We took the elevator to the third floor and quickly found the room. The door was open. More lacy curtains covered a single window. A plush red leather chair and a small chest of drawers sat in a corner. The chest was covered with an old-fashioned lace doily, as if it could make the room feel less like a hospital. The walls were cinder block. Stainless-steel railings had been strategically placed along the way for support. A wooden cross with a golden Christ hung over the washbasin.

The floor was very quiet. There was the smell of sickness and decay that no cleaner could ever remove. A weak winter light bled through the window as we walked inside.

Gerry Broz sat on a small chair with his hands tented in prayer. A shriveled man with tubes up his nose slept on the bed before him.

I knew the old man.

When I’d first met Joe Broz, he’d been full of balls and bluster. I recalled him wearing a white suit, a white vest, a dark blue shirt, and a white tie. He’d sported a gold chain across the vest and a large diamond ring on his little finger.
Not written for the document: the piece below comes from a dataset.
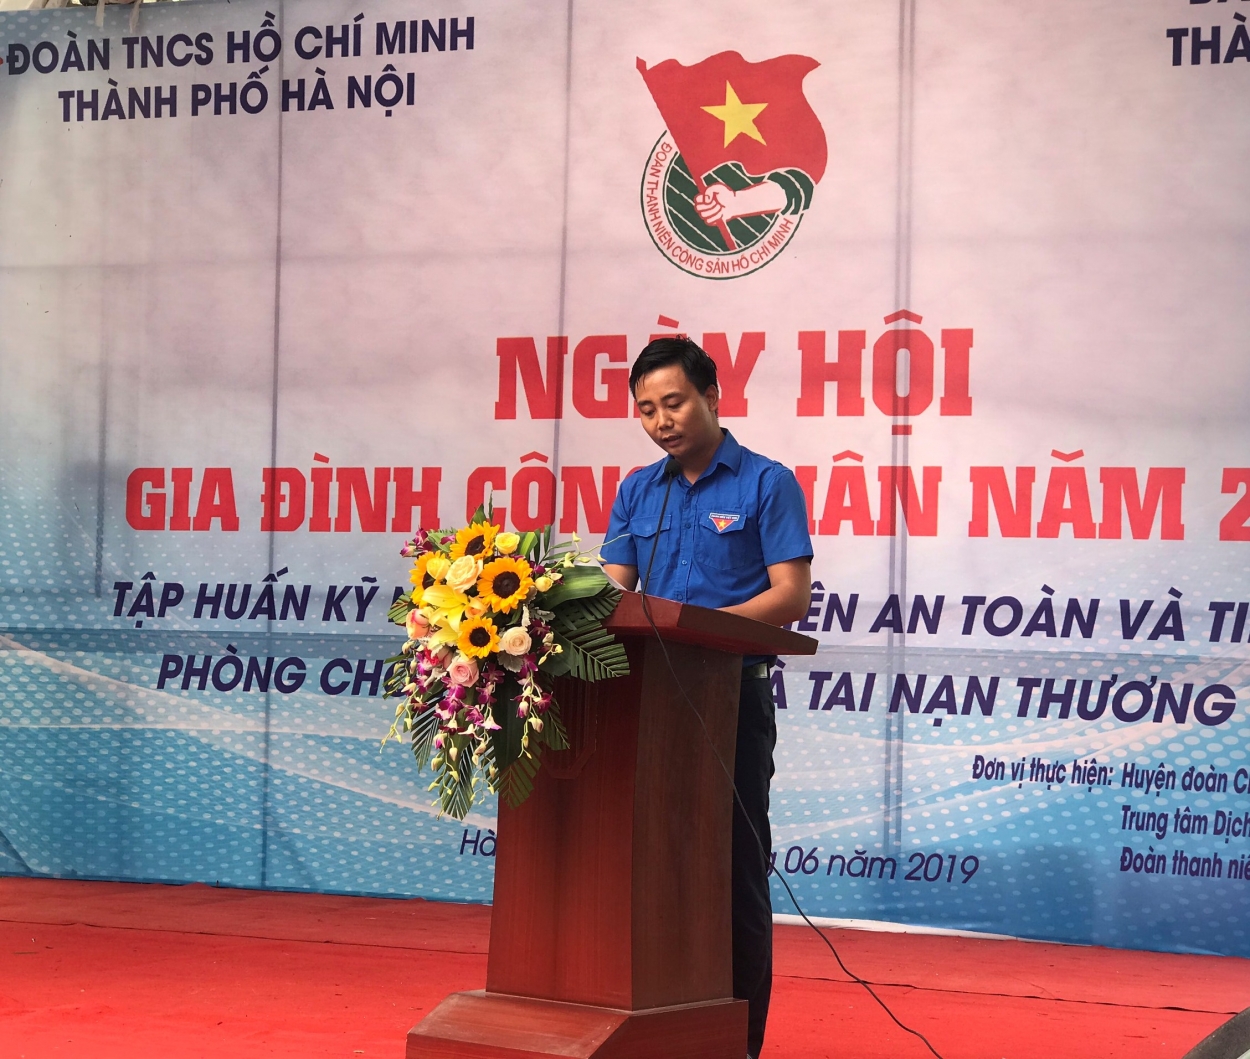 Đồng chí Nguyễn Đức Tiến, Phó Bí thư Thành đoàn Hà Nội phát biểu khai mạc Ngày hội
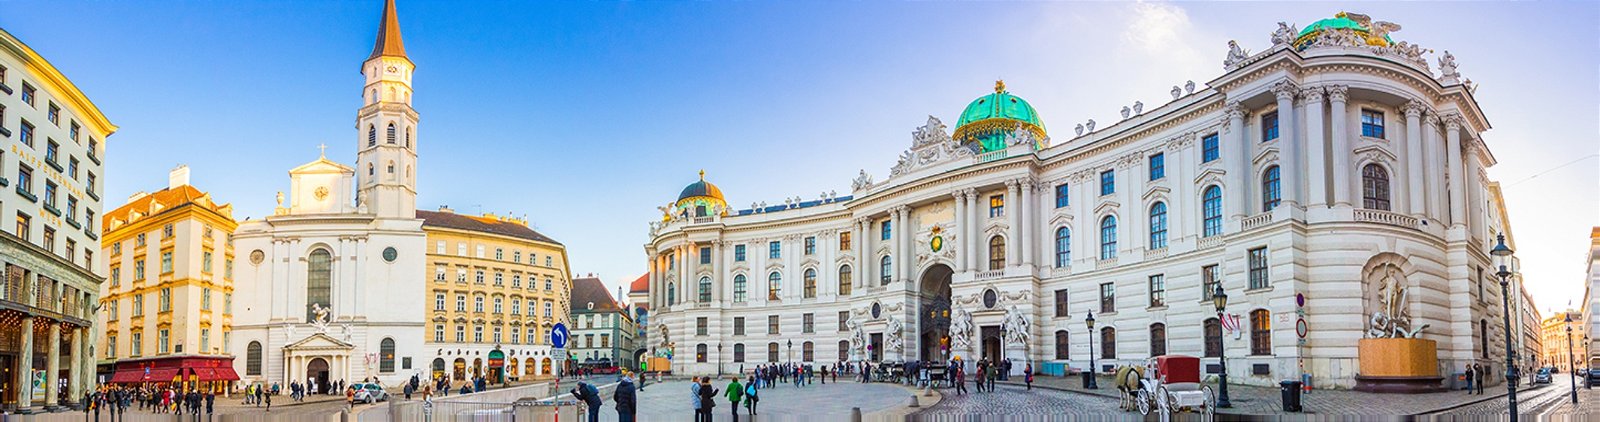 Kurzurlaub in Wien

He’d called me a wiseass punk.

Broz was once the most feared man in Boston and the state of Massachusetts. He was petty, greedy, and violent. At the top of his game, he had state senators and police officials in his pocket. He owned the city.

We had an unusual relationship until he disappeared. He kept his word. Often, he tried to have me killed. At least once, he’d expected Vinnie to do it.